For Iraq, these developments would threaten the relative stability that it has enjoyed over the last few years, irrespective of its distance from the conflict or of the non-existent possibility that it would be drawn into it as a combatant. However, since the start of the conflict in early October 2023, the market is up 54.4% by month end, with the rally resuming momentum as the conflict escalated in this month and earlier in April 2024. While this is partly the market discounting the potential that an escalating conflict would not draw in Iraq, it is primarily a function of the market discounting the powerful dynamics that were driving the transformation of the economy, and that were already in place prior to the onset of the conflict.

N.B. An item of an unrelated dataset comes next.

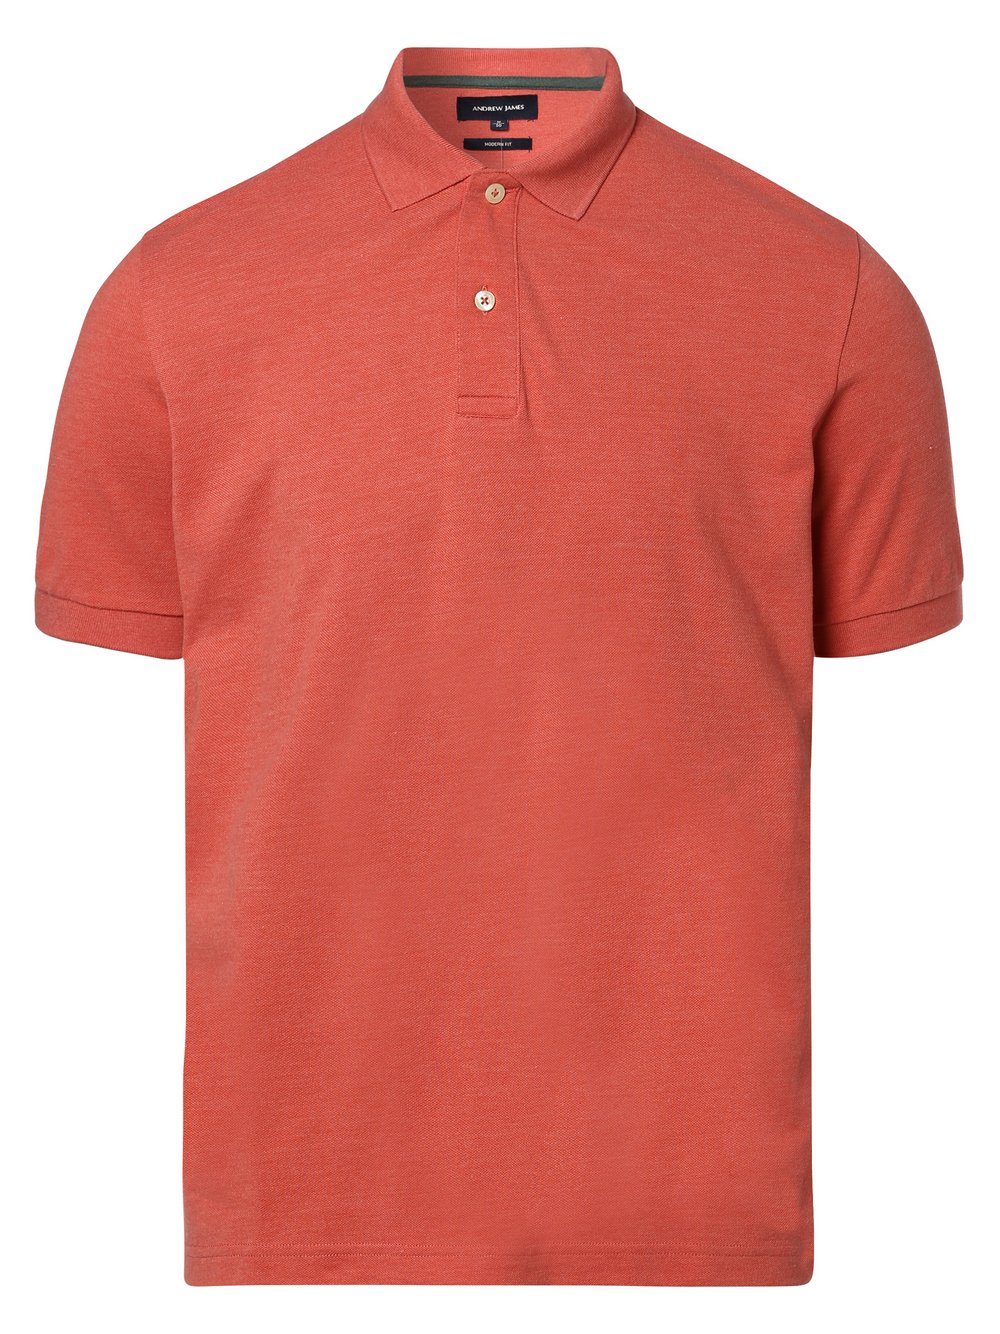 Andrew James - Męska koszulka polo, pomarańczowy|czerwony

Specifically, these dynamics are the expansionary 2023 and 2024 budgets that are providing a major boost to the non-oil economy, and the developments that promise to accelerate the adoption of banking and bring about a transformation of the sector and its role in the economy. These in turn have provided the wherewithal for strong profit growth for the leading companies in the country as discussed last month in “Companies’ Profit and Equity Growth Continue”. The market’s technical picture, as asserted here over the last few months, continues to be positive, with the four-month pull-back taking place within its multi-month uptrend (chart below).

 

Rabee Securities U.S. Dollar Equity Index

Rabee Securities U.S. Dollar Equity Index

(Source: Iraq Stock Exchange, Rabee Securities, AFC Research, daily data as of 30th September 2024)

 

Whereas globally, oil markets continue to discount a contained conflict, as much as they have done following its onset, with near-term expectations primarily reflecting concerns over the current oil supply-demand imbalance, which have over the last few weeks driven prices and expectations lower. Overall oil market expectations, as measured by Brent crude futures contracts as of 1st October 2024 (yellow line, chart below), are still near the middle of a range bound on the upper end by supply fears following the invasion of Ukraine (red line, chart below), and in the lower end, by those at the end of 2021 (grey line, chart below) – with the price spikes following the first salvo in the series of attacks and counterattacks unlikely to change the trajectory of these price expectations. Interestingly, medium to long-term expectations were mostly reflecting prospects for a resumption of global growth following the U.S. Federal Reserve’s aggressive rate cuts and China’s significant stimulus package – all of which are supportive for Iraq’s equity market given the country’s extreme leverage to oil prices.

 

Market Expectations for Future Oil Prices
As measured by Brent Futures Contacts (USD per barrel)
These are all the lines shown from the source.